A scuffle ensues during which Rains hits Jeff pretty hard with a poker, and Jeff knocks him out with a punch.  Jeff is now even woozier but tells Margo that he will go get some water to wake the husband up.  However, as he's trying to clear his head under the tap in the ornate bathroom, Margo calls for help and he staggers back to find that the husband is dead.  Margo says it's because he hit his head on the fireplace on the way down.  Jeff has also worked out that he is concussed and will probably lapse into a coma in about 30 hours, but is convinced by Margo to use the tickets to Nassau to escape the scene, as the servants are all away for the weekend and the corpse won't be discovered until Monday.  Jeff would probably object if he weren't knocked silly, but goes along.  However, as they are waiting at the airport, a call goes out for Mr.

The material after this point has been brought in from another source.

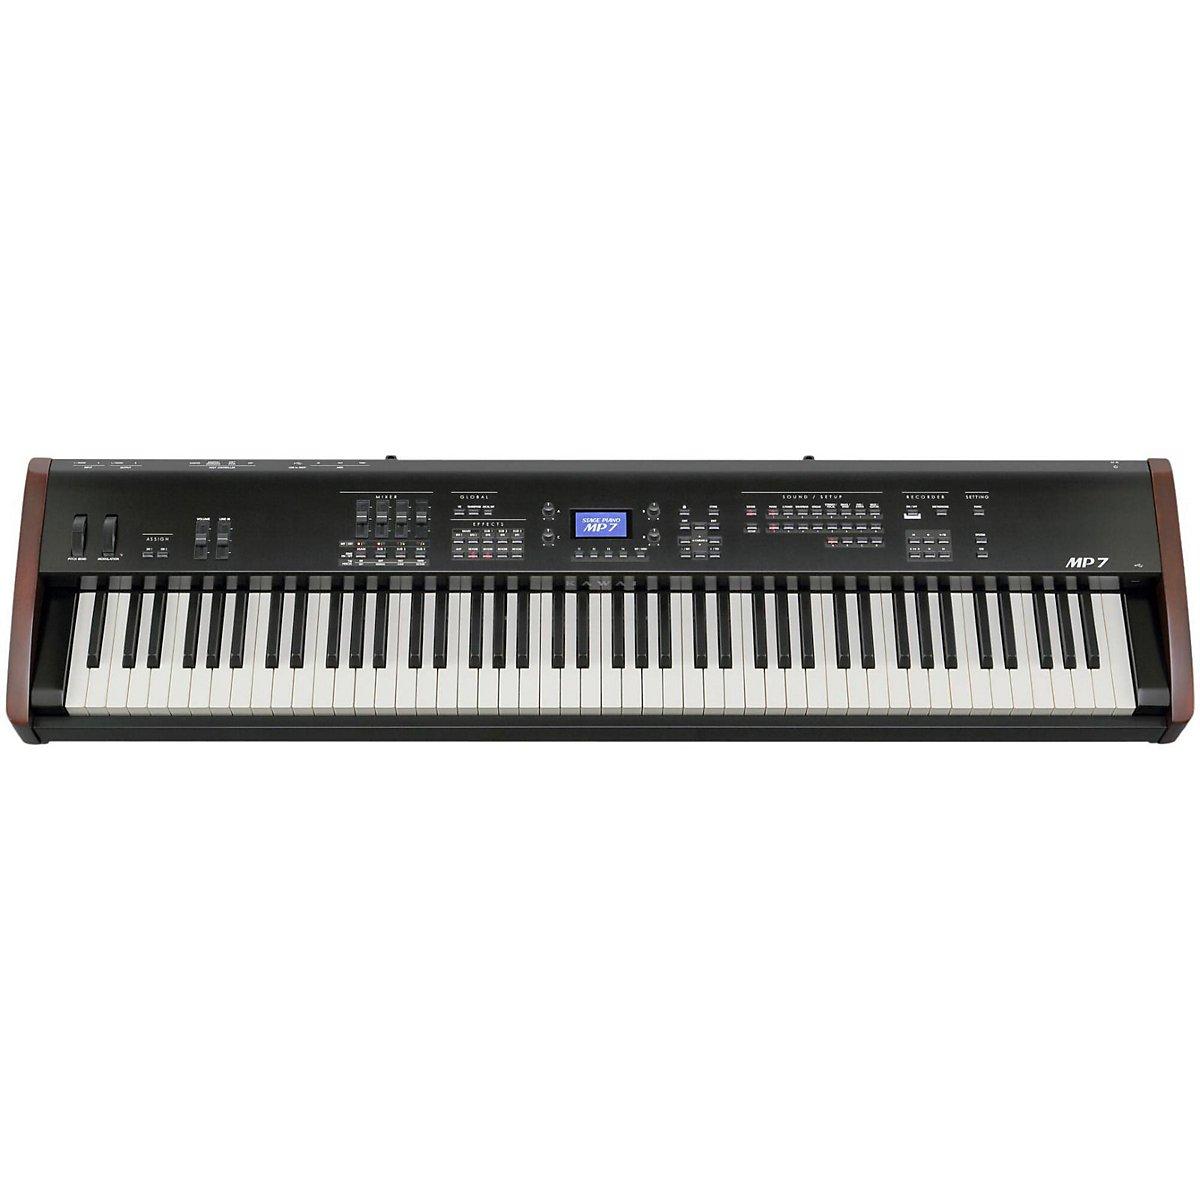 Piano Digitale Kawai Kawai Mp7 88-key Stage Piano

Lannington (the husband) and Margo sees police waiting at the desk, and decides that they should drive to Mexico by car.  It turns out that they just had a message to deliver to Claude Rains, and almost certainly wouldn't've known that Jeff wasn't him, and this is the first of a couple of false alarms that spook the runaway couple unnecessarily.  The rest of the movie is a couple-on-the-lam movie, with the twist that Margo is hiding something from Jeff, and won't let him listen to the radio to hear the news about what's happening.  


They encounter some shady individuals, like the used car dealer (who laughs like a crazy person) who uses their clear criminality to chisel her fancy car and coat out of them in exchange for a beaten up old truck and some cans of gas.  They also stop in a small town that has an incredibly annoying "Beard festival" going on, so that if you don't have a beard you have to pay a fine (which they can't afford) or get married!  Sadly for their (her) plans, that darn cat from next door managed to get in in all the dust up with Rains and meowed so much the neighbors discovered his corpse long before Monday.  (See, Jami, there was a point to the butler's little speech!) It all builds to a fatal conclusion in a border town, as they are to be snuck across into Mexico by a traveling troupe, for a sky-high fee (that they get by hocking a diamond bracelet she owns).  Again, there's nothing you can really put your finger on that's terrible about it, and the same material could've been worked into something special, but there's a lot of psychological mumbo-jumbo (all too common in films of this era, the nadir being Hitchcock's Marnie), and the fact that Mitchum spends most of the film semi-conscious (something for which which, admittedly, he is well-suited) also cuts into the enjoyment.  (The alternative title comes from the fact that it is revealed at the start that Jeff likes to give flowers to his beloved and the white rose he has given Julie is in the operating theater when Margo first regains consciousness, and she thinks it's hers, but insists that she get a red rose (which he later provides in their ill-fated courtship.)  I've just figured out who Domergue reminded me of - it was bugging me - and, bizarrely, it's somebody I went to college with whom I haven't seen in over 30 years.  It's the sad eyes.